Participation Criteria

Eligibility Criteria

• Ages Eligible for Study: 1 year and older (ADULT, OLDER_ADULT, CHILD)
• Accepts Healthy Volunteers: No
• Genders Eligible for Study: All

Description

Inclusion Criteria:

1. High risk close contact with a confirmed COVID-19 case during their symptomatic period, including one day before symptom onset, within the past 1-7 days. High risk close contact is defined as any of the following exposures without the consistent appropriate use of recommended personal protective equipment:

   1. Provided direct care for the index case
   2. Had close physical contact with the index case
   3. Lived with the index case
   4. Had close contact (within 2 metres), without direct physical contact, for a prolonged period of time
   5. Had direct contact with infectious body fluids, including oral secretions, respiratory secretions, or stool.
2. Successfully contacted by the study team within 24 hours of study team notification of the relevant index COVID-19 case.
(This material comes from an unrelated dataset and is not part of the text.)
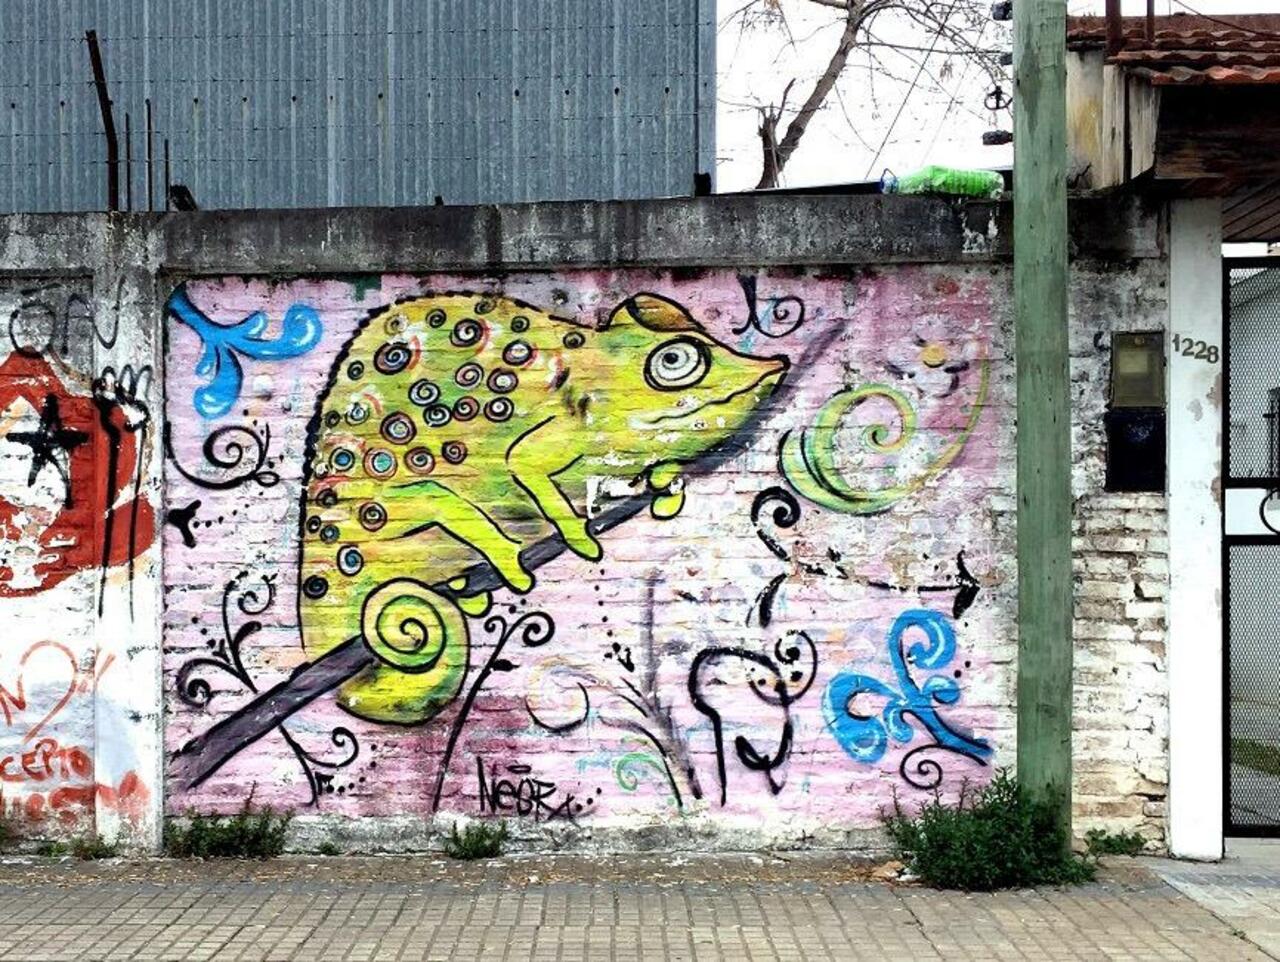 RT @DickieRandrup: #Graffiti de hoy: << Yellow iguana >> calle 45 19y20 #LaPlata #Argentina #StreetArt #UrbanArt #ArteUrbano http://t.co/DNORKxHexf

This time window is necessary because the efficacy of PEP may be dependent on the timing of its initiation, and because randomization of a ring cannot be delayed while awaiting response from contacts that cannot be rapidly reached.
3. Age ≥6 months, since the safety and pharmacokinetic profiles of LPV/r in pediatric patients below the age of 6 months have not been established.
4. Ability to communicate with study staff in English

Exclusion Criteria:

1. Known hypersensitivity/allergy to lopinavir or ritonavir.
2. Current use of LPV/r for the treatment or prevention of HIV infection.
3. Receipt of LPV/r in the context of this trial or any other trial of COVID-19 PEP within 2 days or less prior to the last known contact with the index COVID-19 case. The two day time window is intended to ensure that exposure would not have occurred in the presence of clinically relevant drug levels (five times the elimination half-life of LPV/r, which is estimated at 4-6 hours with prolonged use).
4. Baseline respiratory tract specimen positive for COVID-19. Randomized participants whose baseline samples subsequently show COVID-19 will have study drug discontinued but still remain under observation.
5. Current breastfeeding, due to potential for serious adverse reactions in nursing infants exposed to LPV/r

6. Concomitant medications with prohibited drug interactions with LPV/r that cannot be temporarily suspended/replaced, including but not restricted to: 37

   • alfuzosin (e.g. Xatral®)
   • amiodarone (e.g. Cordarone™)
   • apalutamide (e.g. Erleada™)
   • astemizole*, terfenadine*
   • cisapride*
   • colchicine, when used in patients with renal and/or hepatic impairment
   • dronedarone (e.g., Multaq®)
   • elbasvir/grazoprevir (e.g., ZepatierTM)
   • ergotamine* (e.g. Cafergot®*), dihydroergotamine (e.g. Migranal®), ergonovine, methylergonovine*
   • fusidic acid (e.g., Fucidin®), systemic*
   • lurasidone (e.g., Latuda®), pimozide (e.g., Orap®*)
   • neratinib (e.g., Nerlynx®)
   • sildenafil (e.g., Revatio®)
   • triazolam (e.g. Halcion®), midazolam oral*
   • rifampin (e.g. Rimactane®*, Rifadin®, Rifater®*, Rifamate®*)
   • St. John's Wort
   • Tadalafil (e.g. Adcirca®)
   • venetoclax (e.g. Venclexta®)
   • lovastatin (e.g., Mevacor®*), lomitapide (e.g., JuxtapidTM) or simvastatin (e.g., Zocor®)
   • vardenafil (e.g., Levitra® or Staxyn®)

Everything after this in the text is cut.